We humans are incurably curious. We ask the big questions about our existence:

how come things exist at all?

How did we get here?

What are we for?

Many people believe science has debunked faith as the answer to these fundamental questions of our existence. Yet, today, the conversation is changing. As scientific discoveries show that our cosmos is much weirder and mysterious than we imagined so we are seeing, what Steven Meyer calls, “the Return of the God hypotheses”, and the dwindling of the popularity of the “New Atheists” such as Richard Dawkins.

We are certainly rediscovering what Shakespeare said through the words of his hero Hamlet:

“There are more things in heaven and earth, Horatio, than are dreamt of in your philosophy.”

In fact, Justin Brierly who has been hosting high-profile debates between Christians, atheists, and agnostics for nearly two decades, has just released a book called “The Surprising Rebirth of Belief in God’. In it, he describes how many of today’s secular thinkers are reconsidering the need for faith and recalling the positive influence Christian beliefs have deposited in our culture.

So, it’s great to have scientist and theologian Prof David Wilkinson from Durham University with us for our “Transforming: Faith and Science” event on Friday 27th October. David has long been a key influencer and communicator on the intersection between science and faith. Bookworms can spend their pocket money on his writing output which covers everything from Steven Hawkings to the search for extraterrestrial life. And did I mention, he is a science fiction buff and Methodist minister!

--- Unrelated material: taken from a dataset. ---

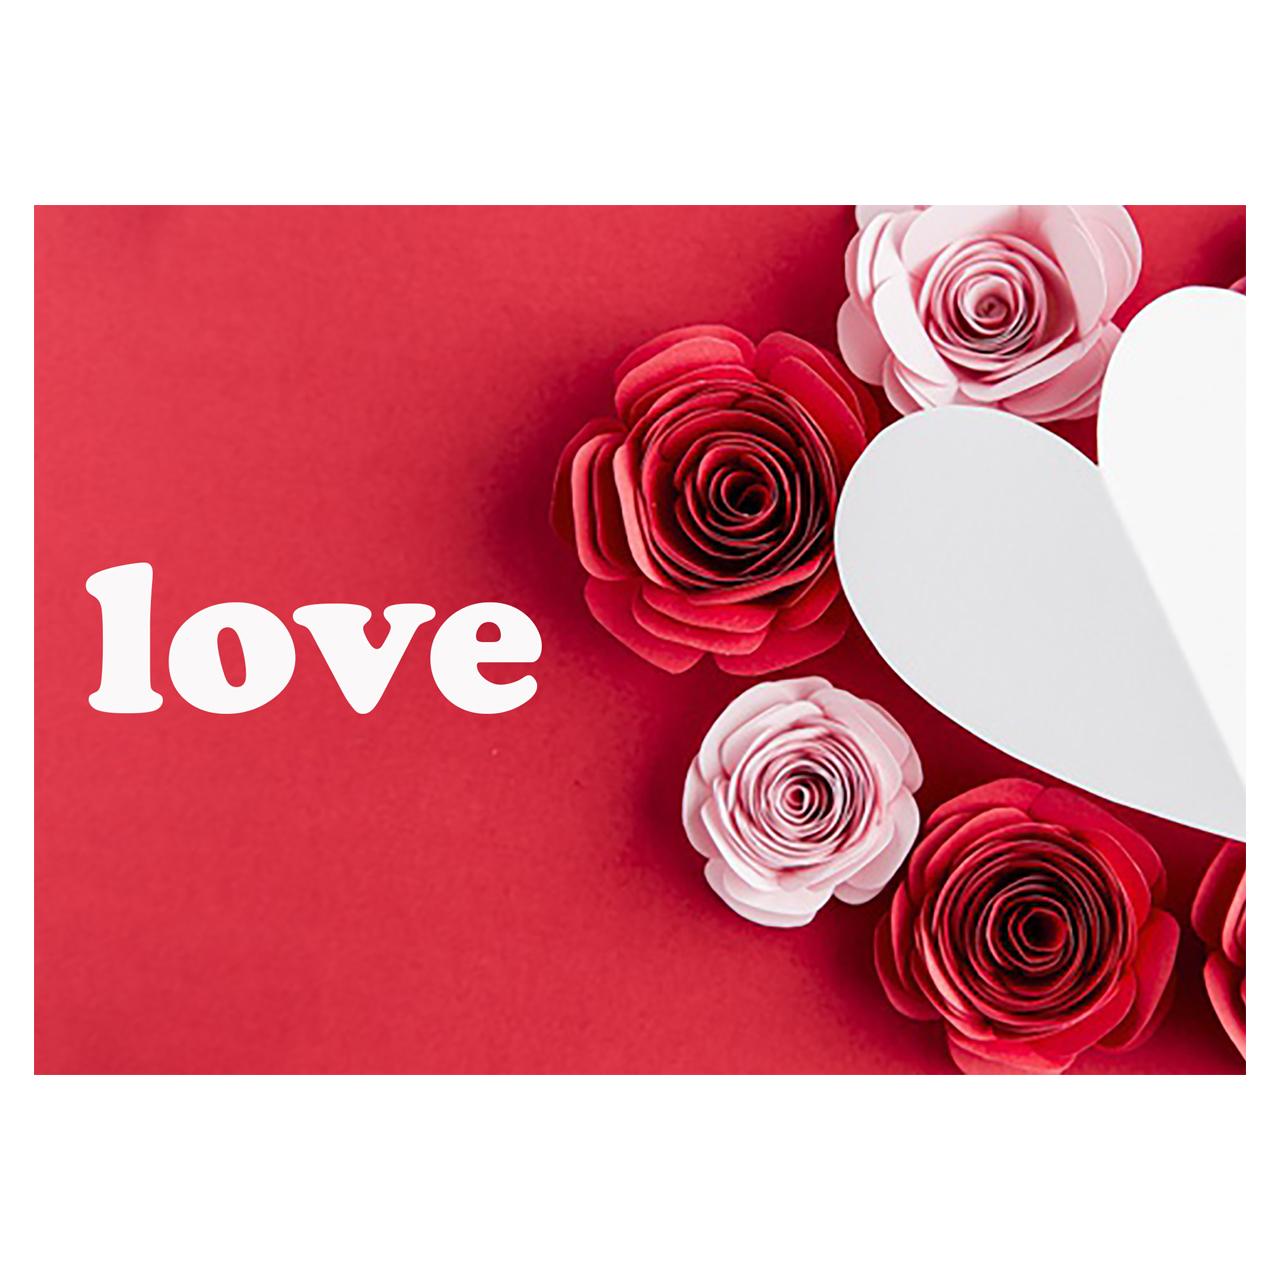 کارت پستال ماهتاب طرح عشق love گل قلب کد 1904
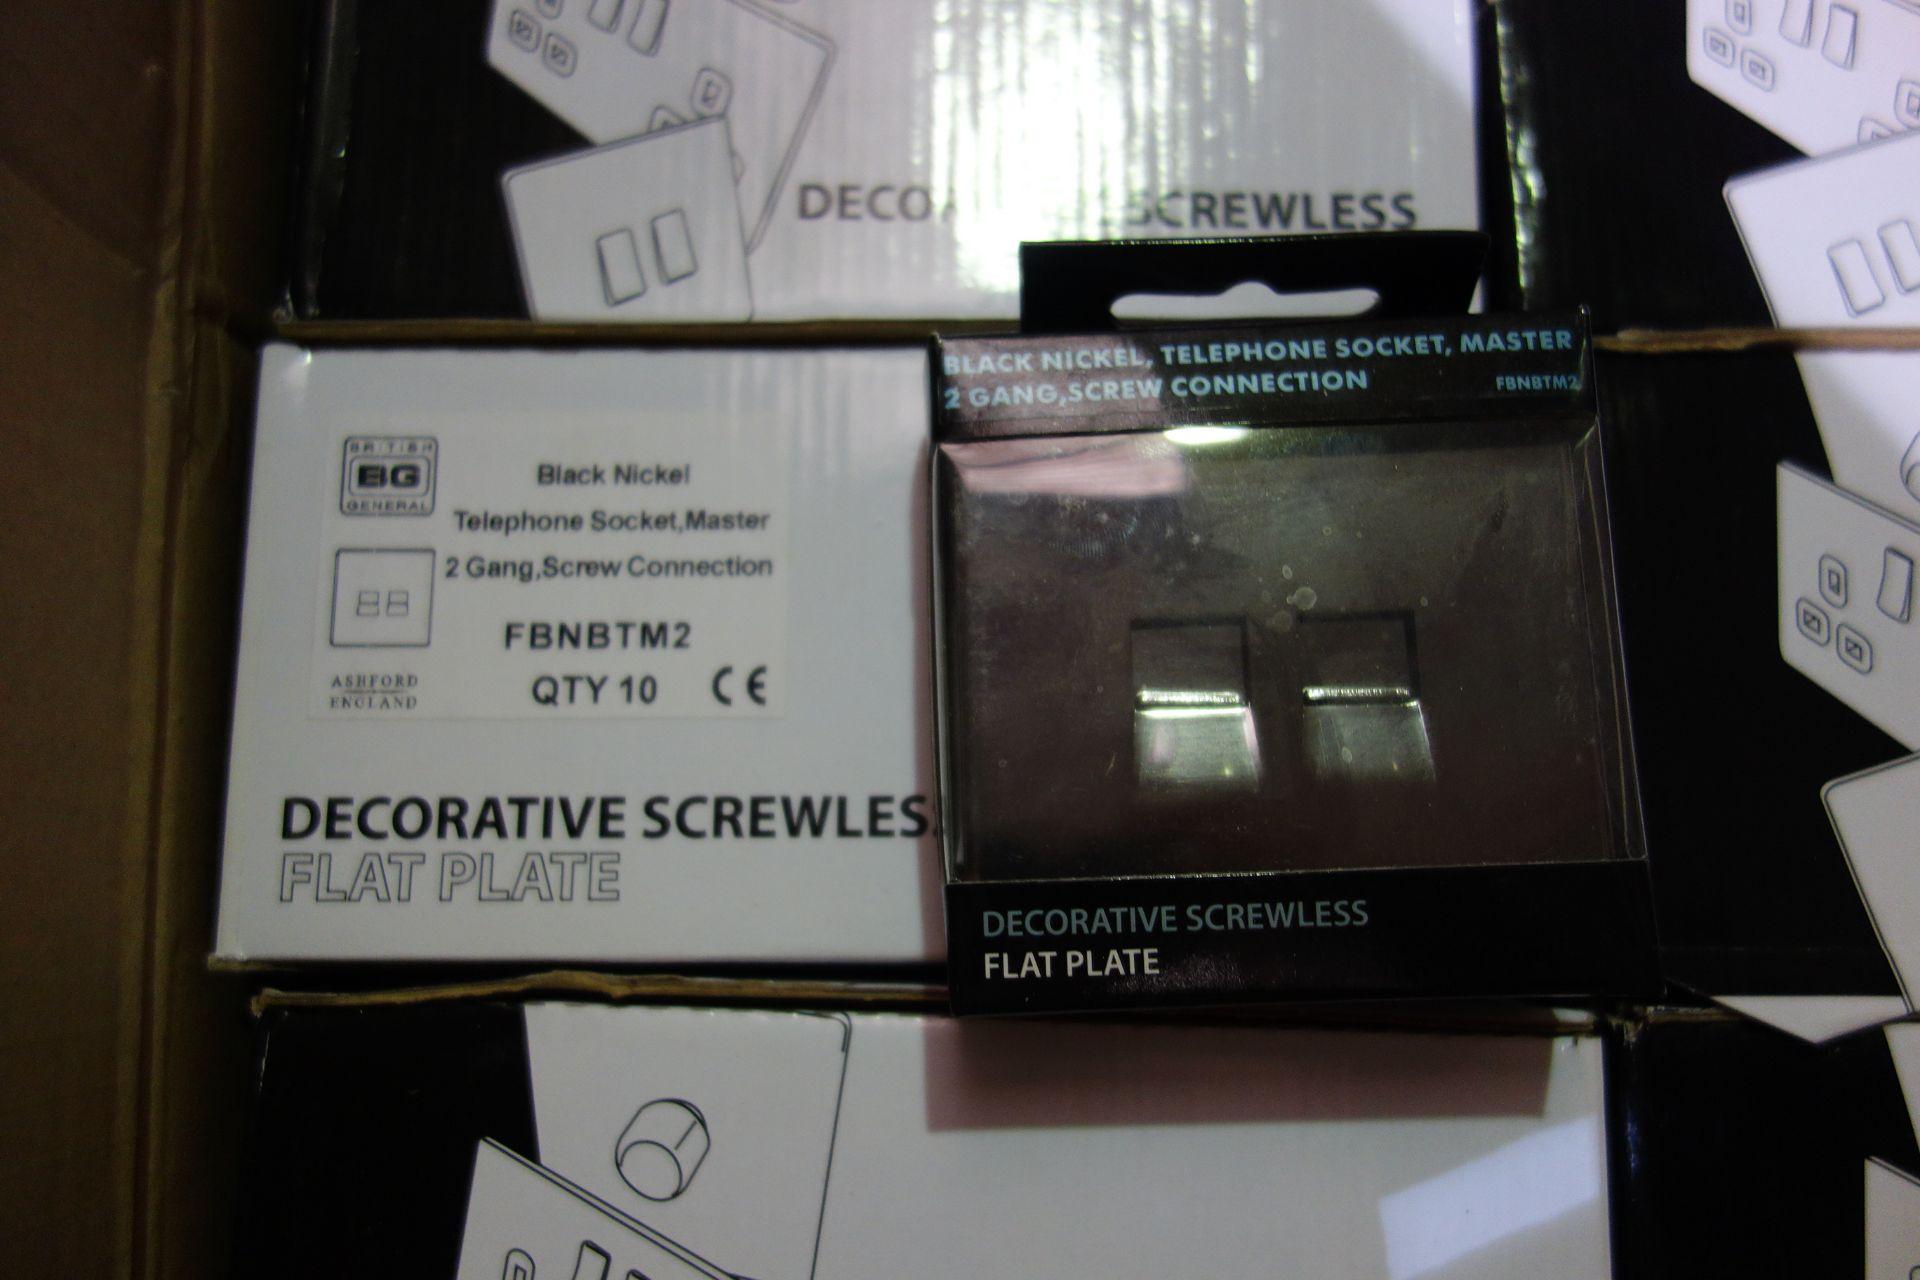 Lot 34 - 50 X BG FBNBTM2 2G Black Nickle Master Telephone Socket

“Transforming: Faith and Science” is a great opportunity to bring friends and family to what will be a thought-provoking evening. David has agreed to take part in a Q and A session as part of the evening so bring those burning questions about life, the universe and everything you have always wanted to ask but never had the chance.

On Saturday morning we will host an informal time at The Point aimed to help Christians be more confident about sharing our faith in a scientific world. I am sure many of us would find that helpful too.

Talking about strange things in heaven and earth. This Sunday we enter the weird world of Revelation 11. This text gives us a glimpse of the end of history when the final seal is broken open and the stunning promise of God is fulfilled.

The kingdom of the world has become.

the kingdom of our Lord and of his Messiah,

and he will reign for ever and ever.


The promise that God’s kingdom of goodness and justice will overtake the reign of evil is a vision to cling to in these tragic days of conflict in Gaza and Israel. As I write I am heartbroken and angry at the explosion at the Baptist/ Anglican “Peoples hospital” in Gaza.

As violence piles on violence and atrocity spirals down upon atrocity I find my heart swinging in sadness support of the latest victim and anger against the latest perpetrator, from one side to the other. I am conscious that in this most horrific war, there is a massive emotional pull to choose sides, to identify innocents and to apportion blame.

Yet this is a complex conflict layered and informed by historic injustices, injuries and ongoing grievances. So, I am seeking to see the bigger picture, to pray for the longer view and to ask for peace with justice.

And despite the complexity I take heart from the many other political wars and disputes that have long been laid to rest as new generations rise with fresh energy and new hope for a different world.

And I recall the words of Seamus Heaney, written from within the depths of Northern Ireland’s so-called “troubles”.

History says, don’t hope.
on this side of the grave.
But then, once in a lifetime
the longed-for tidal wave
of justice can rise up,
and hope and history rhyme.

So, hope for a great sea-change.
on the far side of revenge.
Believe that a further shore.
is reachable from here.
Believe in miracles.
and cures and healing wells.

Believe in miracles and the great hope of Revelation.